More subtly, the message creates knowledge about the process of integration. The assistant has established a pattern: read the source, understand the data flow, then design the integration. This pattern will be repeated for each subsequent phase. The message also implicitly documents the location of the integration surface (lines 874–985 of triton_backend.py), which will be useful for future reference.

Assumptions and Potential Pitfalls

The assistant makes several assumptions worth examining. It assumes that subclassing TritonAttnBackend and overriding forward_extend is the correct integration strategy. This is reasonable but may encounter practical obstacles: the Triton backend may be instantiated via factory methods that don't easily accommodate subclasses, or the override may need to intercept at a lower level (inside the Triton kernel launch itself) rather than at the Python method level.

The assistant also assumes that the custom kernel's output format is compatible with what SGLang expects from the attention layer. The kernel produces attention output tensors; if SGLang expects additional metadata (like attention probabilities for debugging, or specific memory layouts for the subsequent layers), the integration may need adjustments beyond simply calling the kernel.

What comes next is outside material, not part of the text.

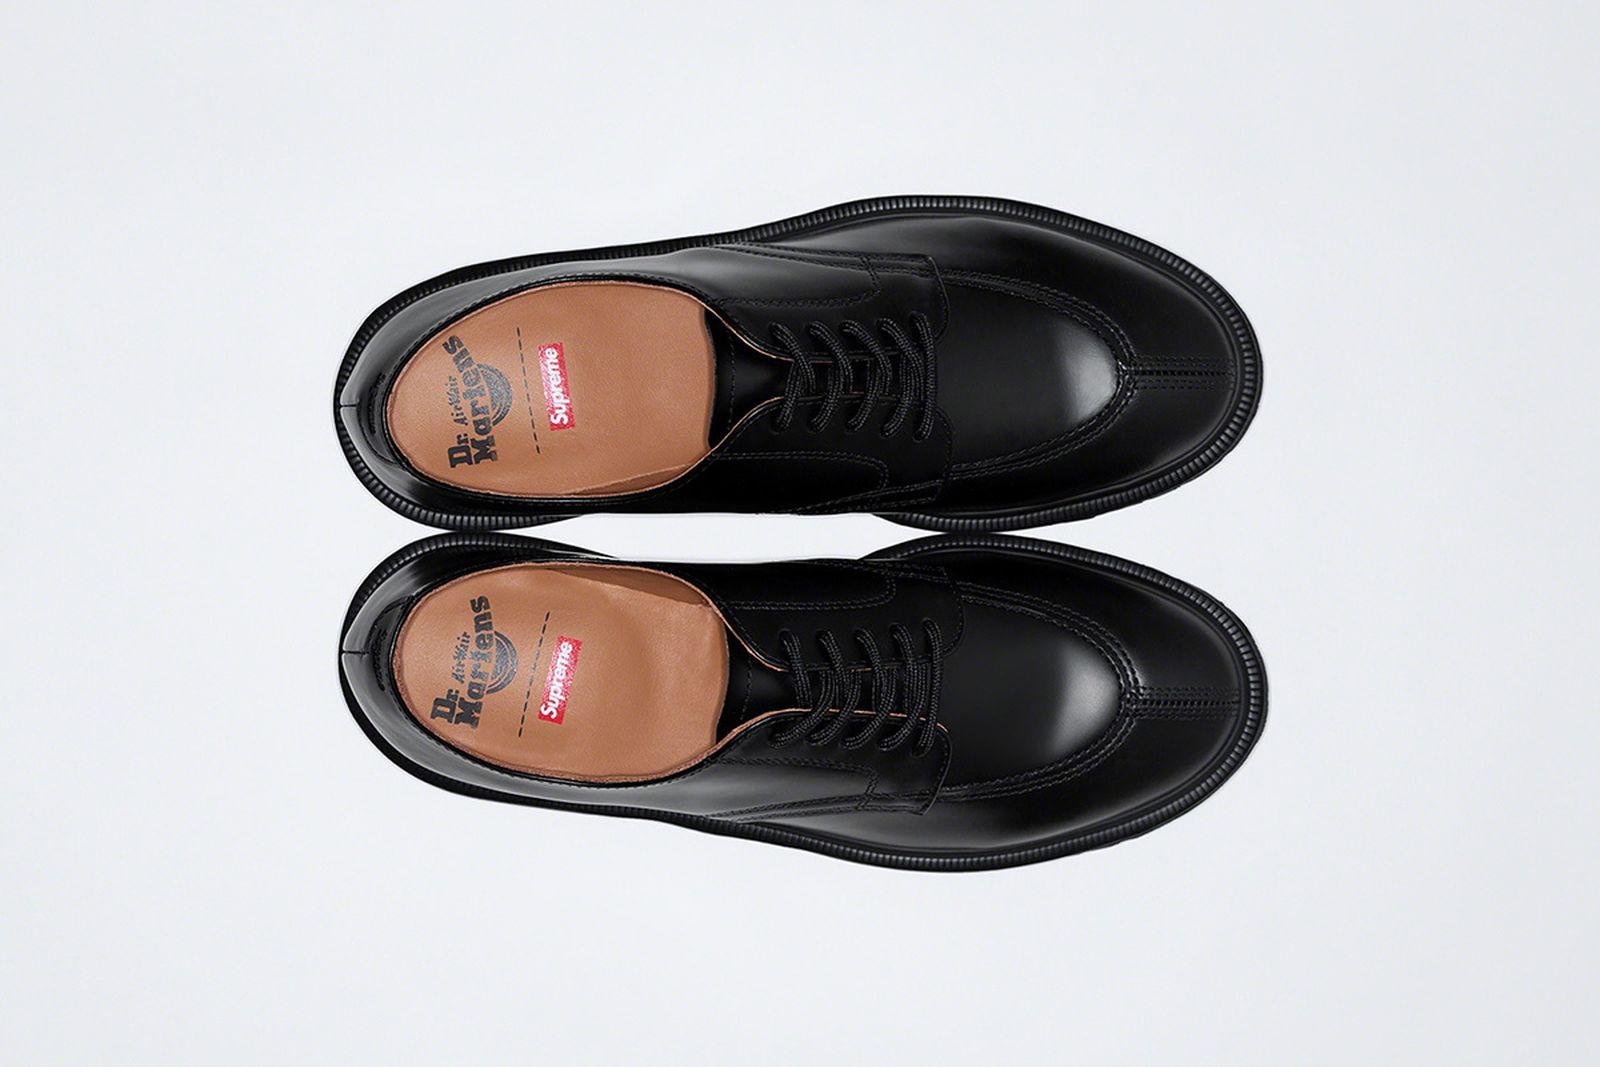 supreme-dr-martens-5-eye-shoe-release-date-price-10

There is also an assumption about the KV cache format. While the assistant correctly identifies the paged nature of SGLang's KV cache, it has not yet confirmed whether the forward_extend method receives already-gathered contiguous KV tensors (the k and v parameters might be gathered by an earlier step) or whether it receives indices into the paged pool. The output snippet shows if k is None and v is None... — suggesting that sometimes k and v are indeed passed as tensors, which would mean the gathering happens upstream. This is a critical detail that will determine whether the kernel needs paged support or can work with the already-contiguous tensors.

Conclusion

Message [msg 12252] is a quiet but pivotal moment in a complex engineering effort. It represents the transition from isolated kernel development to production integration — a phase where correctness and performance must be weighed against operational risk. The assistant's methodical approach — reading the source, understanding the data flow, and reasoning about the integration strategy before writing code — exemplifies disciplined engineering in the face of complexity. The output, while seemingly just a code snippet, is the foundation upon which the entire Phase 2 integration will be built. In the broader narrative of deploying speculative decoding on novel hardware, this message is where the rubber begins to meet the road.